WHAT THE TASK REQUIRES.
Your answer should be the line that contains "אפליקציה 'זמן משפחתי' לטיולים" and each line after it, restated word for word through the final line of the entries.

********************

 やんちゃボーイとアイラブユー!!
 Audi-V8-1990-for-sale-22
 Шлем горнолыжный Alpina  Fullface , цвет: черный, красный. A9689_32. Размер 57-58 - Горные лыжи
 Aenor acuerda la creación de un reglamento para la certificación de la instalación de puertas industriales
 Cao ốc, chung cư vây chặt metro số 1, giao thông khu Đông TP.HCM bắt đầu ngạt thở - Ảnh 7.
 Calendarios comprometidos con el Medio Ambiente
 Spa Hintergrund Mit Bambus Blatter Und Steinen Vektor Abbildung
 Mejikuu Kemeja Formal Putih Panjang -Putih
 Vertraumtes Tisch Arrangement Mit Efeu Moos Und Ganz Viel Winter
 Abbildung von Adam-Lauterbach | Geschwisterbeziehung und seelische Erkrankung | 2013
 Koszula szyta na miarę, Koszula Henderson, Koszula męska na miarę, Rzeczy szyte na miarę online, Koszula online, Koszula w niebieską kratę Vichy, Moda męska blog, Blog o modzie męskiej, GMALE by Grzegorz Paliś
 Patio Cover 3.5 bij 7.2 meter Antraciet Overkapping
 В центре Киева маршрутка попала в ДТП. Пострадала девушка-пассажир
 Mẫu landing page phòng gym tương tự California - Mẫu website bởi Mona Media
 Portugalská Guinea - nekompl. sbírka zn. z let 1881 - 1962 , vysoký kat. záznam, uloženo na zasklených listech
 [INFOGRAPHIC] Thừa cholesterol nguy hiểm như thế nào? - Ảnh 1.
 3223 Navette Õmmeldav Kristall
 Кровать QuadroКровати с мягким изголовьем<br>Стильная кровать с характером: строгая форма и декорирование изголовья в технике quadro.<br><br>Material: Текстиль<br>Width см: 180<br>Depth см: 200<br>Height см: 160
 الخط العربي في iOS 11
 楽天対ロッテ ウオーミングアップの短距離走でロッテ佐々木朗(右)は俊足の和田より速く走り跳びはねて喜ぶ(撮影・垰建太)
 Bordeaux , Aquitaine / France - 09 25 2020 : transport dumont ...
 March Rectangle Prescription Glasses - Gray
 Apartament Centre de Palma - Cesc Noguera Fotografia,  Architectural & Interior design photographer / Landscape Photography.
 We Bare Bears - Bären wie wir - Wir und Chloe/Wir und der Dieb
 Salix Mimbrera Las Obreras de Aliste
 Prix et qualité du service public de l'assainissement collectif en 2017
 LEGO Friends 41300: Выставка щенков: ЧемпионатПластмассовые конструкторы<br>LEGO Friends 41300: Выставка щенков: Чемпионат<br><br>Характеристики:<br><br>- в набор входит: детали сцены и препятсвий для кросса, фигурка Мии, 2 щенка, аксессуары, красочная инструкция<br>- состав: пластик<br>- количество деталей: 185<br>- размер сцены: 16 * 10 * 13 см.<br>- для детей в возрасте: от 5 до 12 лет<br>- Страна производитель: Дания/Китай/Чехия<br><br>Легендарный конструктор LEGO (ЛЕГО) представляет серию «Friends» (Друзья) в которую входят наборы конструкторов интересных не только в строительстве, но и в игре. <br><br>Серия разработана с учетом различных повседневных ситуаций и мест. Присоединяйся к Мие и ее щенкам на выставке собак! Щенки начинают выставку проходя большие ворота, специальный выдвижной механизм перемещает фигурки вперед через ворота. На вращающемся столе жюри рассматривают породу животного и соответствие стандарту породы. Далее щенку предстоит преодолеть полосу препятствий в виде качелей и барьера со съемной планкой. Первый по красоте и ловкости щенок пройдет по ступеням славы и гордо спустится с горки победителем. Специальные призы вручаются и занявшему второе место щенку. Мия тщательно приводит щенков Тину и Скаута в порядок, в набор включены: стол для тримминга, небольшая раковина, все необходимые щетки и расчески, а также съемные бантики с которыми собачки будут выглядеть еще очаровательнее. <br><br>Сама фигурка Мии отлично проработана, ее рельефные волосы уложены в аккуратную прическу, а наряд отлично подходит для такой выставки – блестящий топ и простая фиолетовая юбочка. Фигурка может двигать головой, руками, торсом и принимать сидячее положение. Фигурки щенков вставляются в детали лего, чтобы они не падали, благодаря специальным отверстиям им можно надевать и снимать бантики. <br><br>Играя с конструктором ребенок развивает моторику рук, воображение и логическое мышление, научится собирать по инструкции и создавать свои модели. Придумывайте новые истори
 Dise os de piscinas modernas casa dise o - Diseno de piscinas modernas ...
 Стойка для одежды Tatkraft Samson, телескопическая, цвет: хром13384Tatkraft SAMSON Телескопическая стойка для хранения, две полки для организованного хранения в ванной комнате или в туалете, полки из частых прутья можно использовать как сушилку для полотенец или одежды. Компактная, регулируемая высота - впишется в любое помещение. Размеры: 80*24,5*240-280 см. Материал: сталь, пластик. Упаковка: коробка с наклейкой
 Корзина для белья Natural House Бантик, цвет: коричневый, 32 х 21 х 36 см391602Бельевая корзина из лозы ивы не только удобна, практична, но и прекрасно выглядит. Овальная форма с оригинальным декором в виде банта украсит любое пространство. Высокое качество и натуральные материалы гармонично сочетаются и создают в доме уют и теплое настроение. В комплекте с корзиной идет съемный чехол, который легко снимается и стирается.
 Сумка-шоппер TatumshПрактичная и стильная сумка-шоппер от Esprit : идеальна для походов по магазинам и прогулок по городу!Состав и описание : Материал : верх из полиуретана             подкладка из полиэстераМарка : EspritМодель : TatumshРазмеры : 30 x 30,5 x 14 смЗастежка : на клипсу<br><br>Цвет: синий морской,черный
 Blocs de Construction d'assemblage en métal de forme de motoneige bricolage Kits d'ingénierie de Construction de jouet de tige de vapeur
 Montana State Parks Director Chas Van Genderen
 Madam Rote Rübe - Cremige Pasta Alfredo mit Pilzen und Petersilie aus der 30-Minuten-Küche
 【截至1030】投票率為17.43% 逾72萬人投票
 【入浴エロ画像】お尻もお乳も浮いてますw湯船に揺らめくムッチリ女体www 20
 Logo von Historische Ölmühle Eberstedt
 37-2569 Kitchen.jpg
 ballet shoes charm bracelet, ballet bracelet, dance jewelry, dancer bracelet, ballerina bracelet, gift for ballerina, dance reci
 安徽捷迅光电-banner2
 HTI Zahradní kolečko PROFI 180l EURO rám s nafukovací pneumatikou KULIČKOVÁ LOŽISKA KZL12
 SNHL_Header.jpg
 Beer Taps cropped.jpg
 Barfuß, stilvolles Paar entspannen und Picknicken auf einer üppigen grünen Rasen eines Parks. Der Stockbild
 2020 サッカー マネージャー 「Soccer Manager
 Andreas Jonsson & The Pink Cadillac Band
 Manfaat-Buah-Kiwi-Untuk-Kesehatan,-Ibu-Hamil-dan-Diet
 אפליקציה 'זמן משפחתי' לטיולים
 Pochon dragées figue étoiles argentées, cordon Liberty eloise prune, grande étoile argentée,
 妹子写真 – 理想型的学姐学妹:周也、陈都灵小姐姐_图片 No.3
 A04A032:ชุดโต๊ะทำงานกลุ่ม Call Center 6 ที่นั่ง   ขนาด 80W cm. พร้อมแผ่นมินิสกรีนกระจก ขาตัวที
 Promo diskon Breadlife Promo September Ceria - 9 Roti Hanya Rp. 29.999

********************

ANSWER SECTION.
 אפליקציה 'זמן משפחתי' לטיולים
 Pochon dragées figue étoiles argentées, cordon Liberty eloise prune, grande étoile argentée,
 妹子写真 – 理想型的学姐学妹:周也、陈都灵小姐姐_图片 No.3
 A04A032:ชุดโต๊ะทำงานกลุ่ม Call Center 6 ที่นั่ง   ขนาด 80W cm. พร้อมแผ่นมินิสกรีนกระจก ขาตัวที
 Promo diskon Breadlife Promo September Ceria - 9 Roti Hanya Rp. 29.999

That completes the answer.